The required probability is $P\left(\text{Not }{A}_1\right)$.

It is given that A₁ denotes the event that a randomly selected individual is in the age group 18-24.

From Part (i), it is clear that probability that a randomly selected individual is in the age group 18-24 is 0.16667. That is, $P\left(A_1\right)=0.167$.

The required probability can be obtained as the compliment of the probability that a randomly selected individual is in the age group 18-24.

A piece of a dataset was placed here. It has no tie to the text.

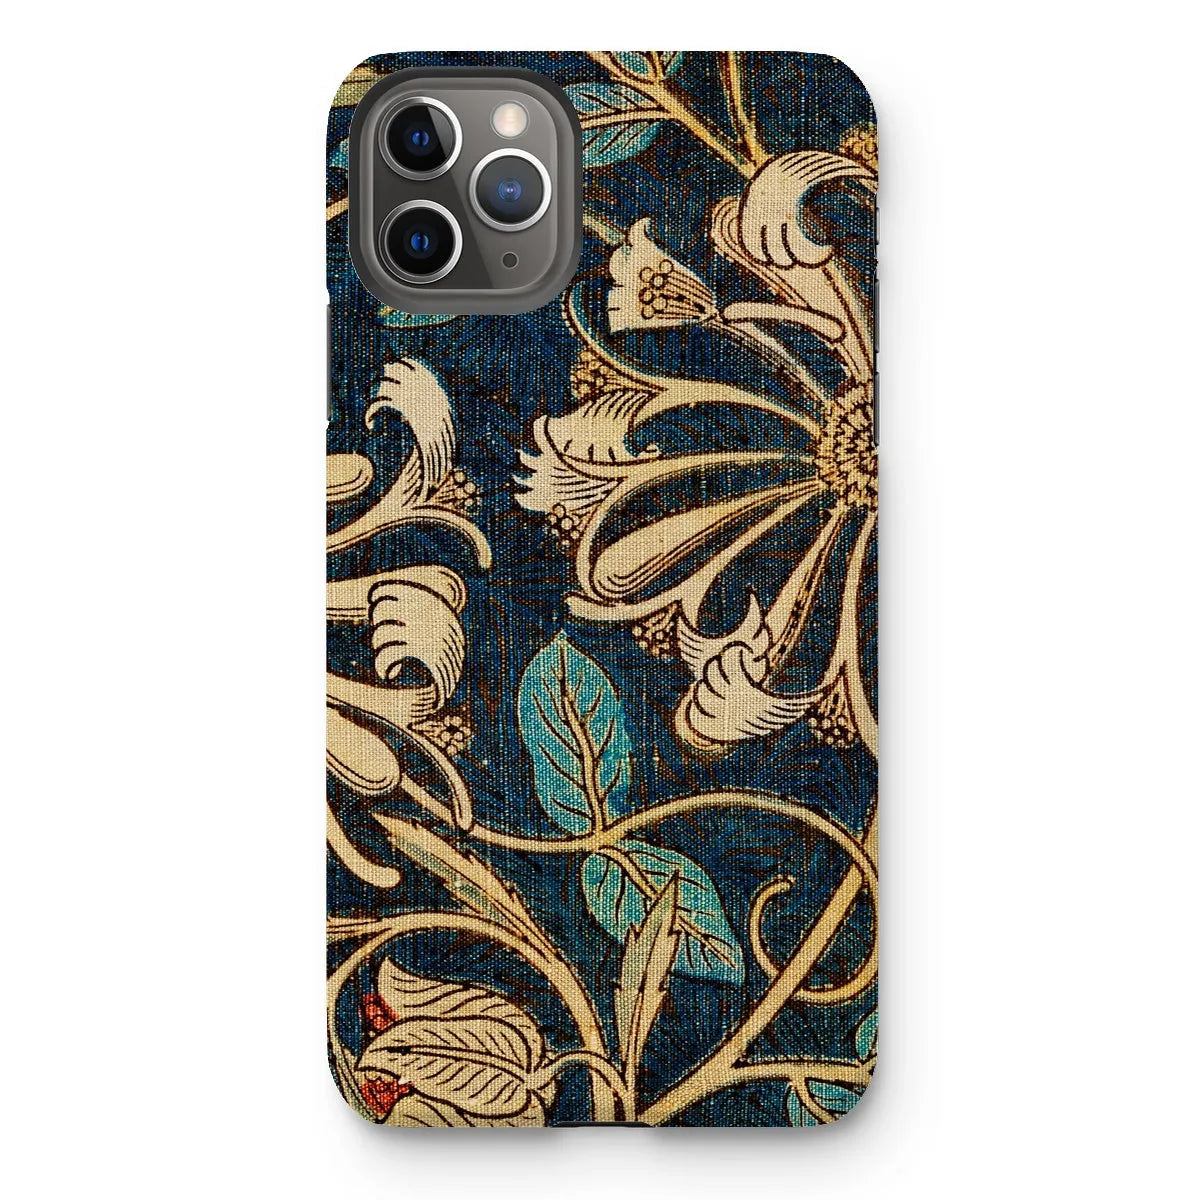 Honeysuckle 3 - Floral Aesthetic Phone Case - William Morris - Iphone 11 Pro Max / Matte - Mobile Phone Cases

The probability is calculated as follows:

$\begin{array}{c}P\left(\text{Not }{A}_1\right)=1-0.167\\ =0.833\end{array}$

Thus, $P\left(\text{Not }{A}_1\right)=0.833$.

v.

The required probability is $P\left(S|A_1\right)$.

$P\left(S|A_1\right)=\frac{P\left(S\cap A_1\right)}{P\left(A_1\right)}$

From the table of probabilities, it can be observed that the probability of an individual is in the age group 18-24 and the individual uses seat belt regularly 0.06833. Also, the probability that individual is in the age group 18-24 is 0.16667.

$\begin{array}{c}P\left(S|A_1\right)=\frac{P\left(S\cap A_1\right)}{P\left(A_1\right)}\\ =\frac{0.06833}{0.16667}\\ =0.41\end{array}$

That is, $P\left(S|A_1\right)=0.41$.

vi.

The required probability is $P\left(S|A_6\right)$.

$P\left(S|A_6\right)=\frac{P\left(S\cap A_6\right)}{P\left(A_6\right)}$

Event A₆ denotes the event that a randomly selected individual is in the age group 65 and older. From the table of probabilities, it can be observed that the probability of an individual is in the age group 65 and older and the individual uses seat belt regularly 0.03. Also, the probability that an individual is in the age group 65 and older is 0.16667.

$\begin{array}{c}P\left(S|A_6\right)=\frac{P\left(S\cap A_6\right)}{P\left(A_6\right)}\\ =\frac{0.03}{0.16667}\\ =0.18\end{array}$

That is, $P\left(S|A_6\right)=0.18$.

b.

To determine

Explain how 18-24 years and seniors differ with respect to seat belt usage using the probabilities $P\left(S|A_1\right)$ and $P\left(S|A_6\right)$ obtained in Part (a).

Explanation of Solution

From Part (a), the probability that a randomly selected individual uses seat belt regularly, given that the individual is in the age group 18-24 is 0.41. Also, the probability that randomly selected individual uses seat belt regularly, given that the individual is in the age group 65 and older is 0.18.

The probabilities state that 18-24 years are more likely to wear seat belts regularly than seniors.